**Material provided:**
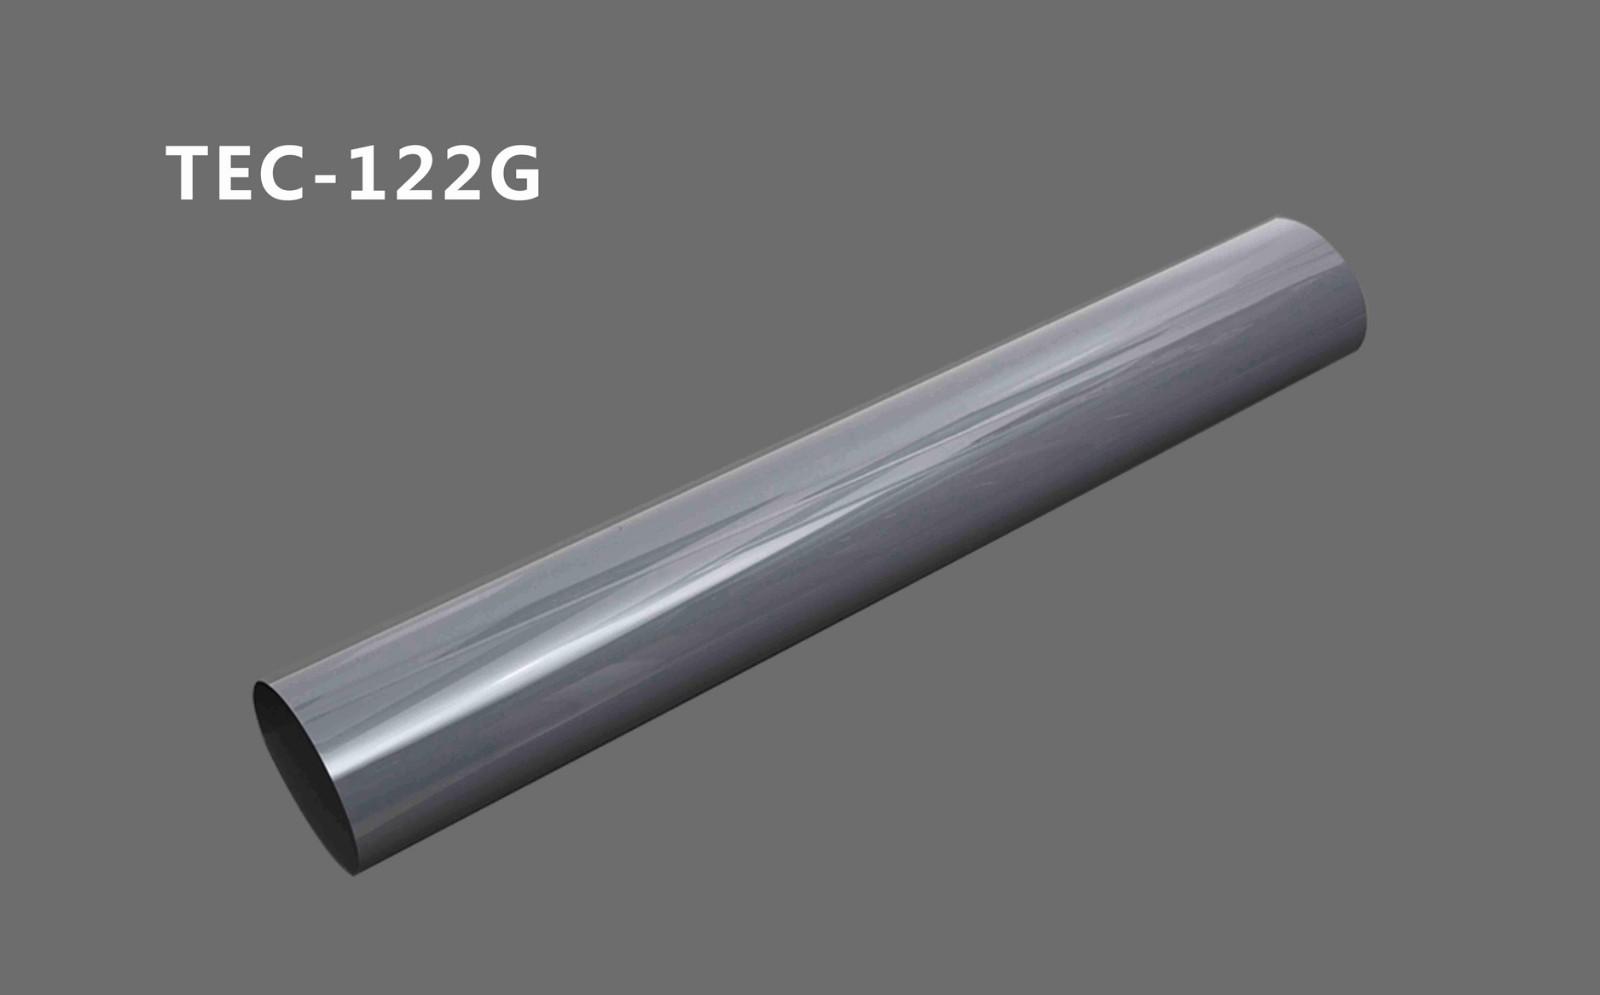 TEC-122G
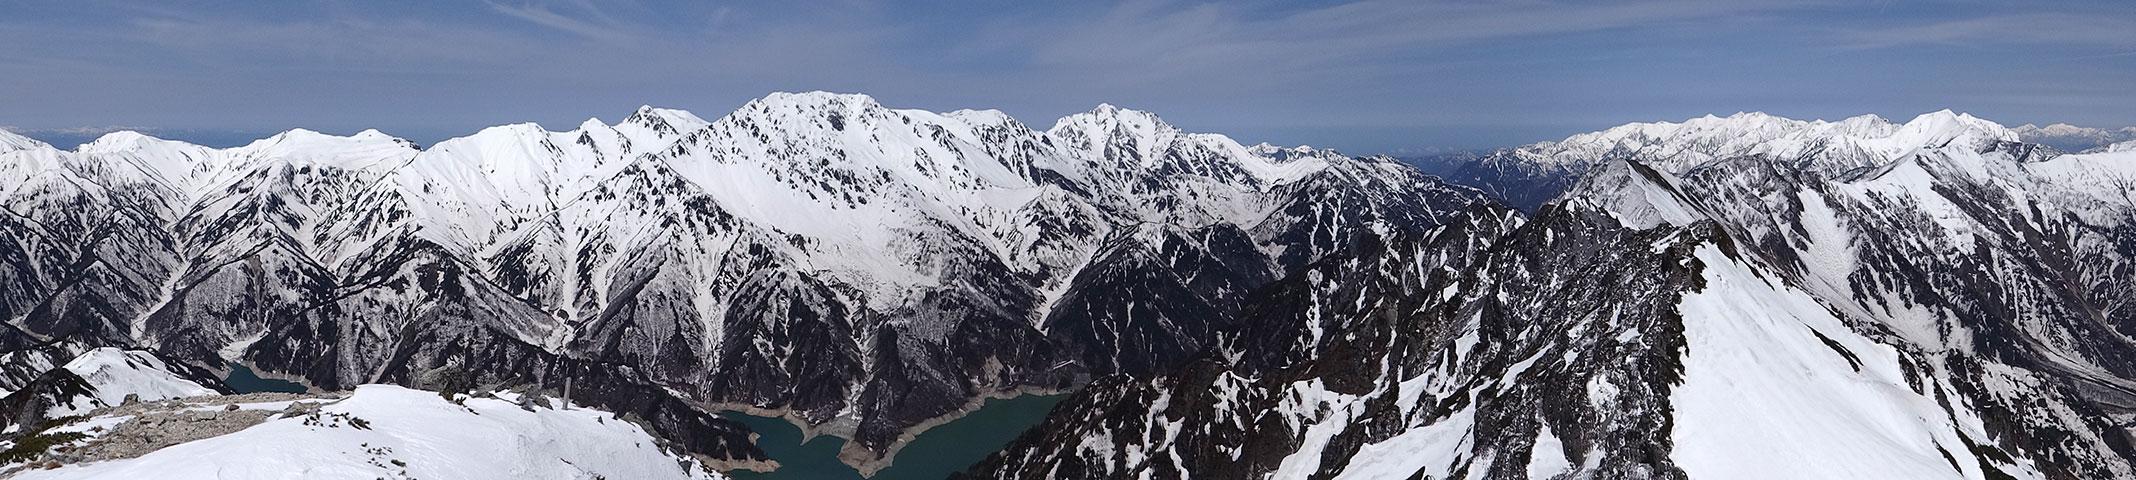 針ノ木岳山頂から、立山、剱、後立山のパノラマ
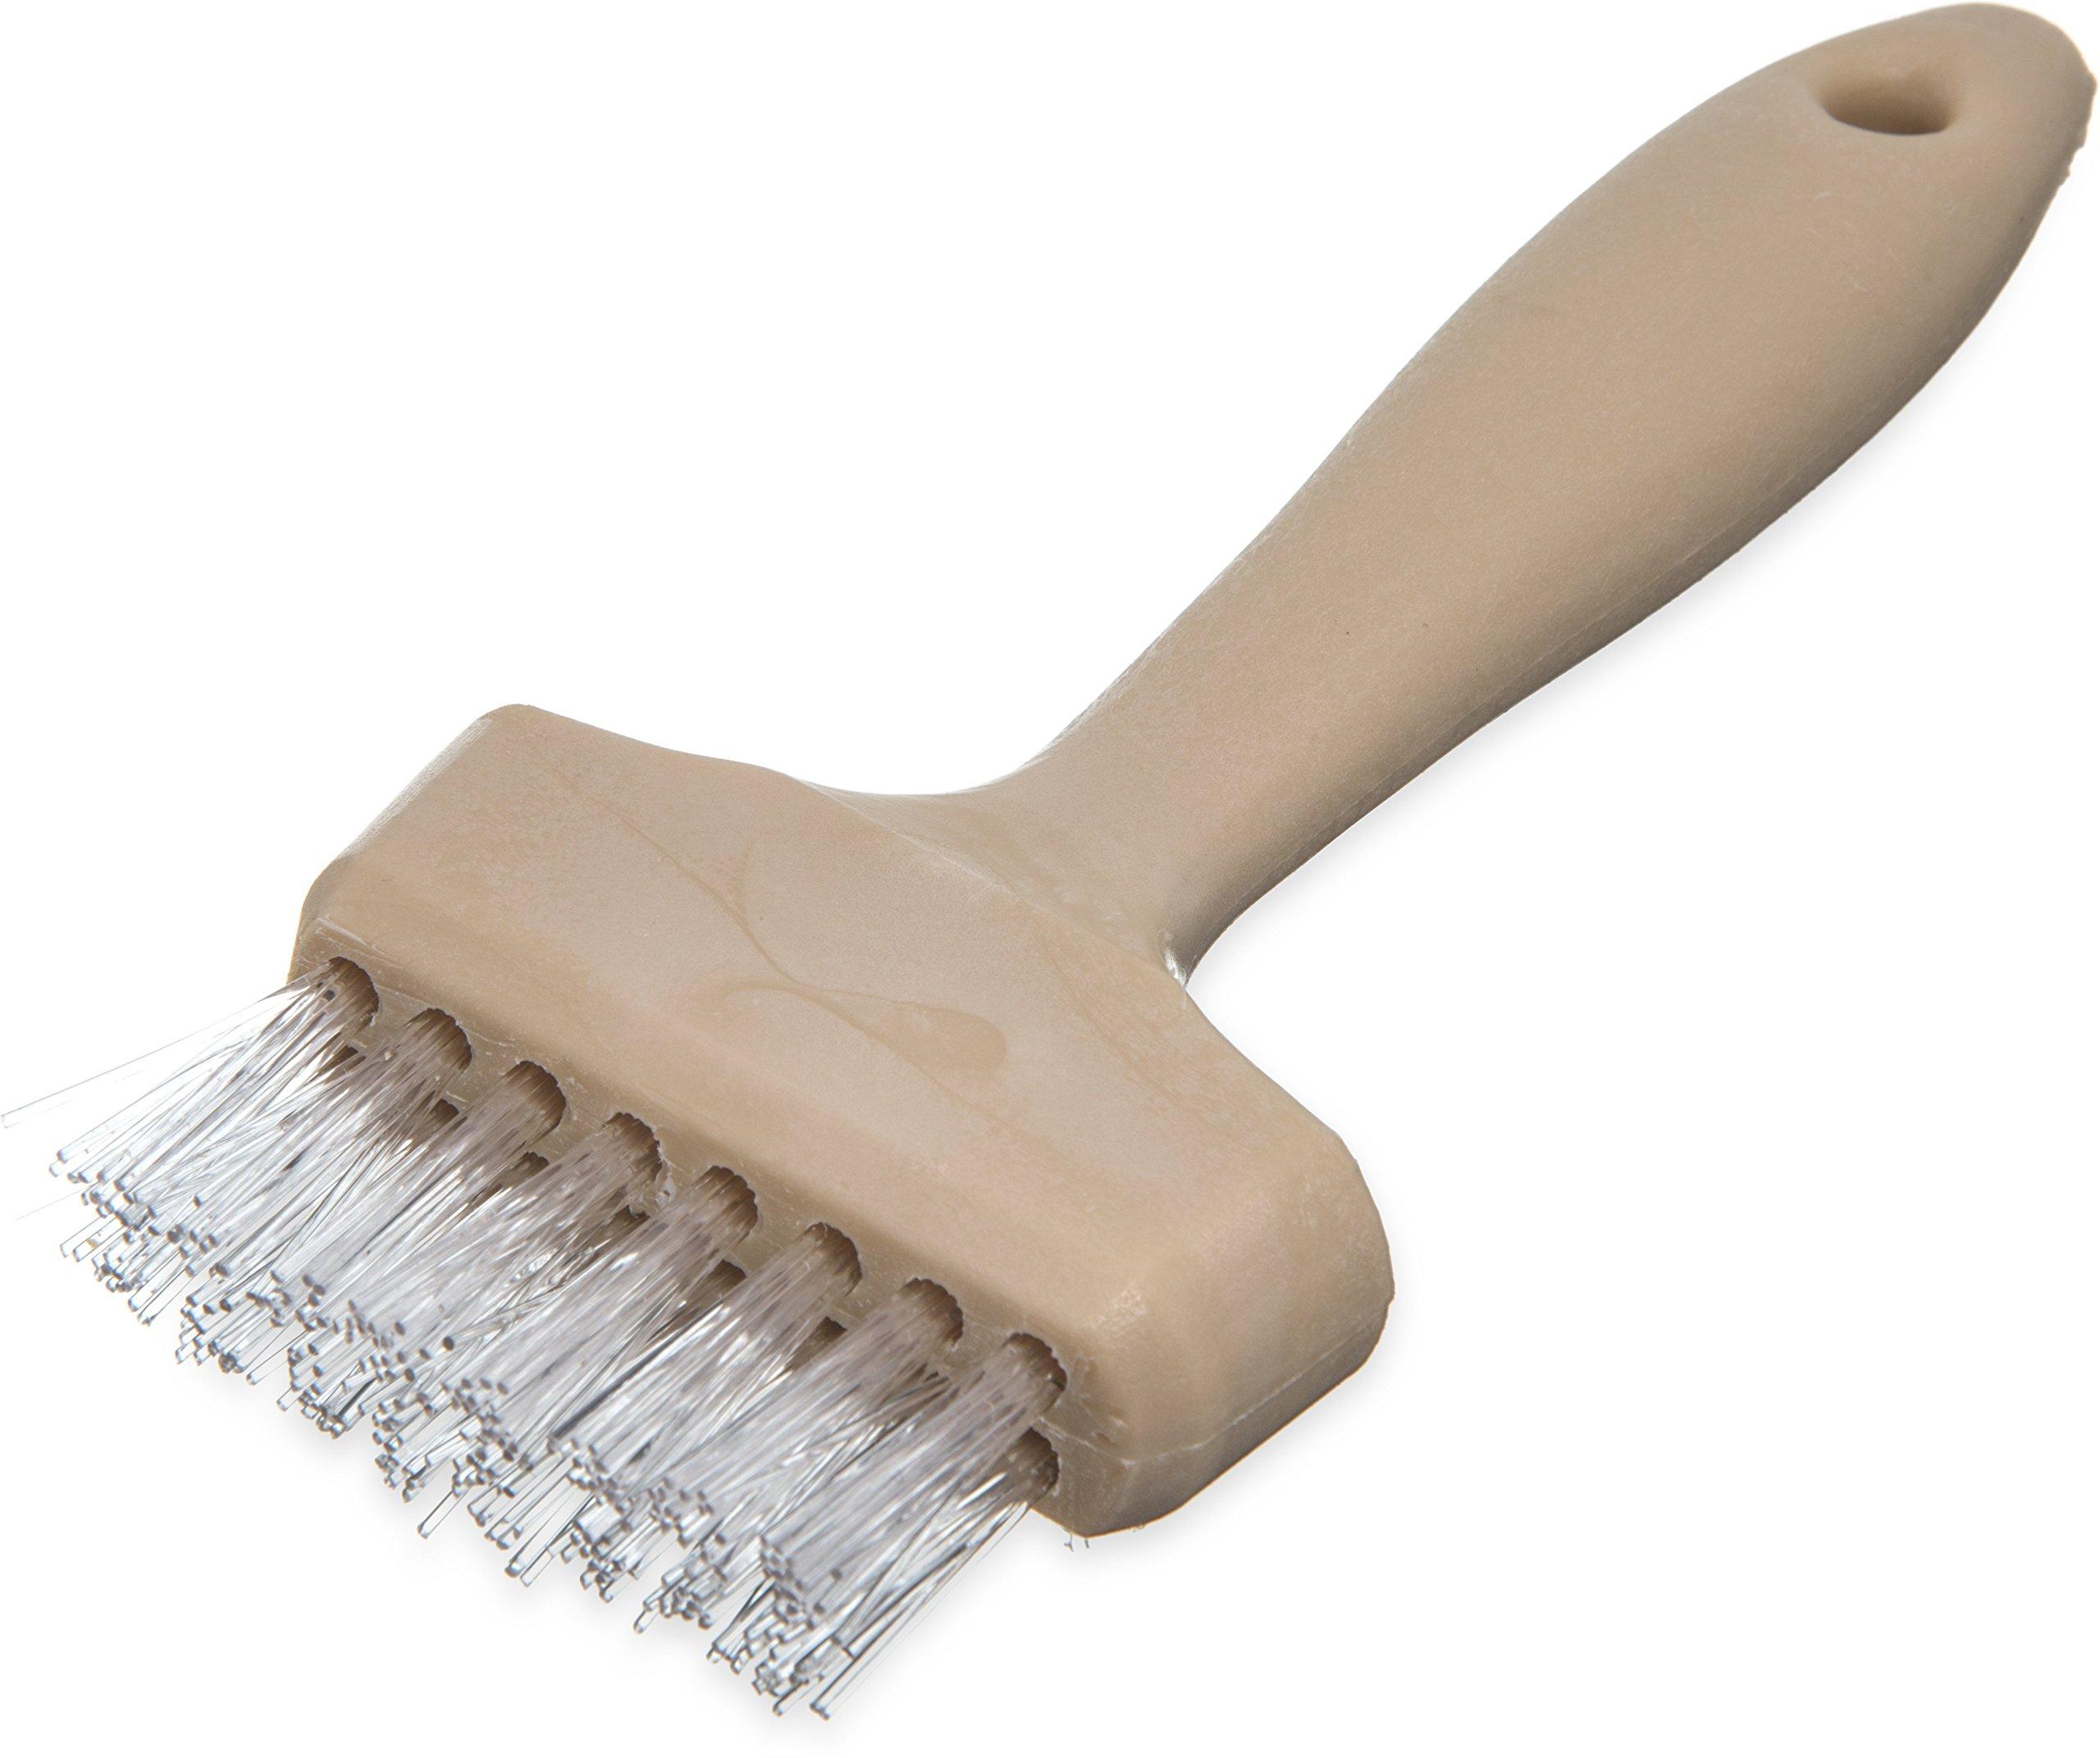 Carlisle 4011400 Wide Waffle Iron Brush, 7'', Teflon

**What to produce:**
The reply should repeat the listing above exactly and contain no pictures.

**Answer to this exercise:**
 TEC-122G
 針ノ木岳山頂から、立山、剱、後立山のパノラマ
 Carlisle 4011400 Wide Waffle Iron Brush, 7'', Teflon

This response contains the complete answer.